Это был африканский попугай размером с голубя, попавший в Австралию в итоге сложных поворотов своей судьбы. Он был мореплавателем, так как принадлежал капитану корабля, и недаром имя ему дали Пират. Красотой своей «одежки» он мог бы соперничать с любой манекенщицей. Белая головка и светлосерый хохолок резко контрастировали с пылающим красным хвостом, а оперение его тельца было палево-серым. Не так давно он обрел нового хозяина. Им стал молодой мужчина Юджин Блейк, владелец парусной яхты, на которой и жил теперь попугай. Как всякая уважающая себя птица его вида, он давно научился говорить, однако репертуар у него был вполне пиратский.

— Вставай!

— Заткнись, Пират! — из-под подушки слова прозвучали глухо.

— Вставай, поднимайся!

— Отставить! — прозвучало все еще нечетко, но уже с явной угрозой.

— Давай пошевеливайся, лоботряс!

Пронзительные крики птицы не сдвинули Юджина Блейка с места. Он лежал на койке, накрывшись теплым одеялом, и только рука его блуждала по тумбочке в поисках подходящего предмета… Пират свирепо уставился на хозяина со своей жердочки, усердно стряхивая с перьев жидкость, которой его только что окатили. Когда попугай угомонился, Юджин отставил в сторону бутылку с соком и протер глаза.

Надо бы радоваться лексикону моей птички, подумал Юджин сонливо. Он выбрался из койки и потянулся за джинсами, которые валялись на полу, поднял их и тут же вспомнил, что заметил еще вчера на самом неприличном месте распоротый шов, и швырнул их обратно. Достав другую пару, он натянул джинсы на голое тело, зная, что сменит их на плавки перед ежедневным заплывом. Надо только чуть подождать, пока в голове окончательно прояснится после сна. Всю дистанцию проплыть будет трудно, вчера он очень поздно освободился и плавал во второй половине дня… Да, это было вчера, когда он вышел из моря и наткнулся на ту странную молчаливую представительницу слабого пола. Уродливое мешковатое платье, дурацкая старомодная шляпа… Вдобавок существо стояло в доке, разинув рот, и глазело на него, как будто он выступал в шоу с морскими животными или даже сам был чудовищем из подводного царства.

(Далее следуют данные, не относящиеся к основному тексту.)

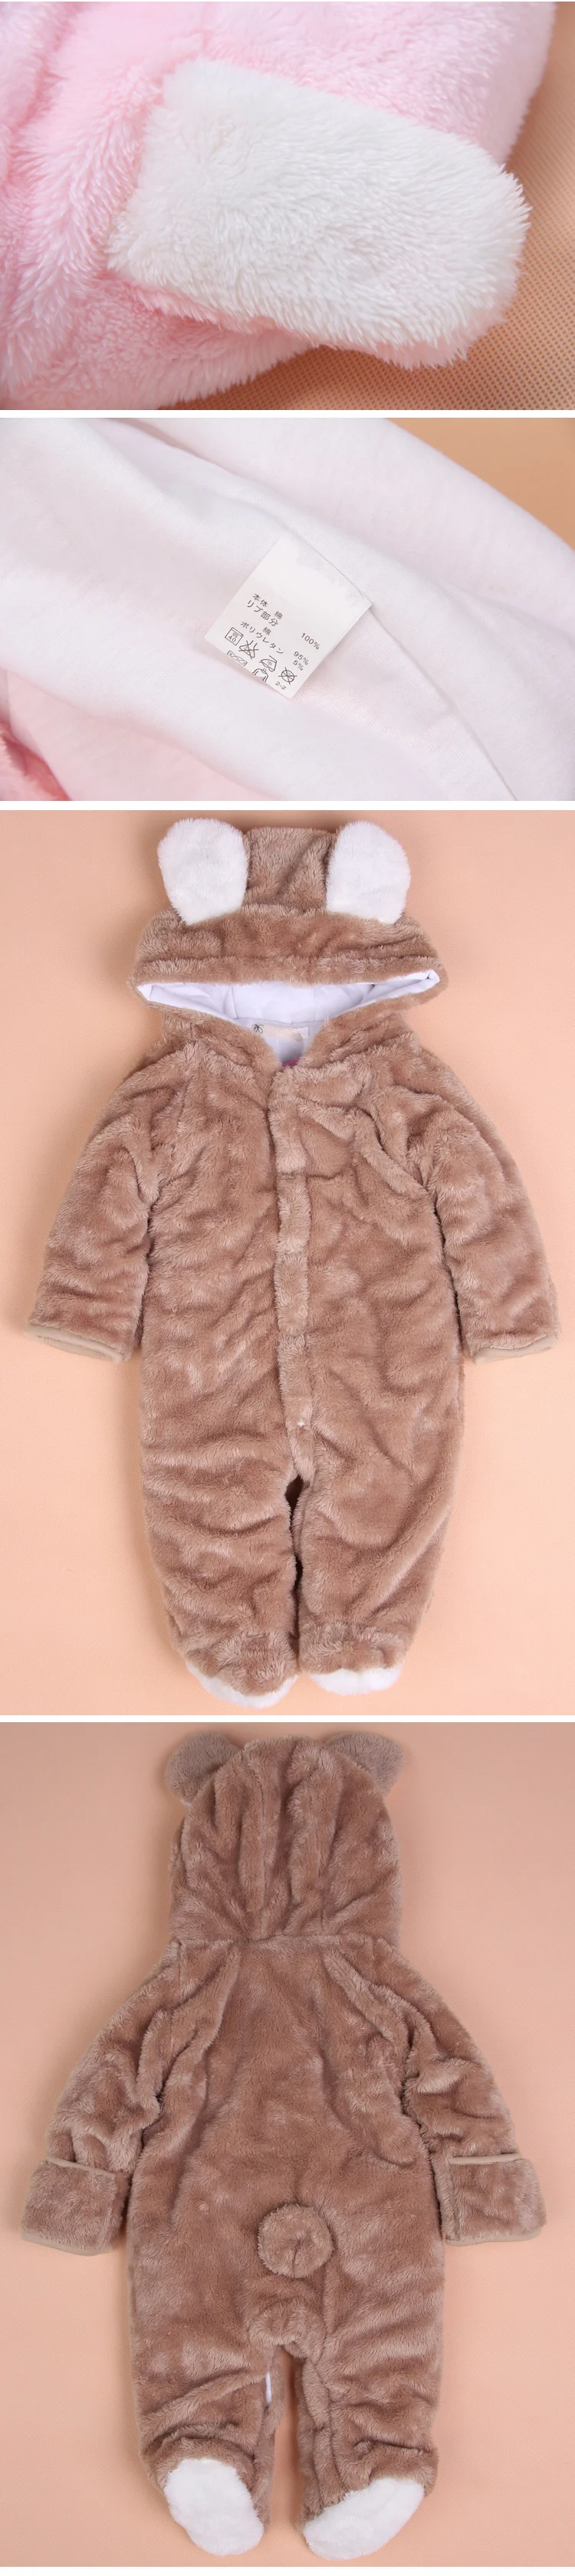 1 комплект, классический детский комбинезон с накидкой для зимы, комбинезон с длинными рукавами, детская одежда, комбинезон для малышей, одежда с рисунком медведя, кролика, поросенка, 3 цвета

Поначалу он ее даже не заметил, пока не услышал какой-то шум и не обернулся. Тут-то он и взглянул на нее, а она уставилась на него, чуть ли не в полуобморочном состоянии. От страха, что ли? С чего бы это? Он поспешно осмотрел себя — Не плавал ли он по привычке голым? Но когда увидел ее рюкзак, с шумом упавший на мостки, и ее трясущиеся руки, то понял, что просто напугал ее, даже, пожалуй, довольно сильно. А то с чего бы она начала пятиться назад? А когда он шагнул к ней, чтобы поднять рюкзак, в ее реакции уже нельзя было сомневаться: она его отчаянно боялась.

Это всегда раздражает, если не сказать больше. Давно никто так откровенно не проявлял настороженности по отношению к нему. Даже если это и был естественный страх женщины, очутившейся наедине с незнакомым мужчиной.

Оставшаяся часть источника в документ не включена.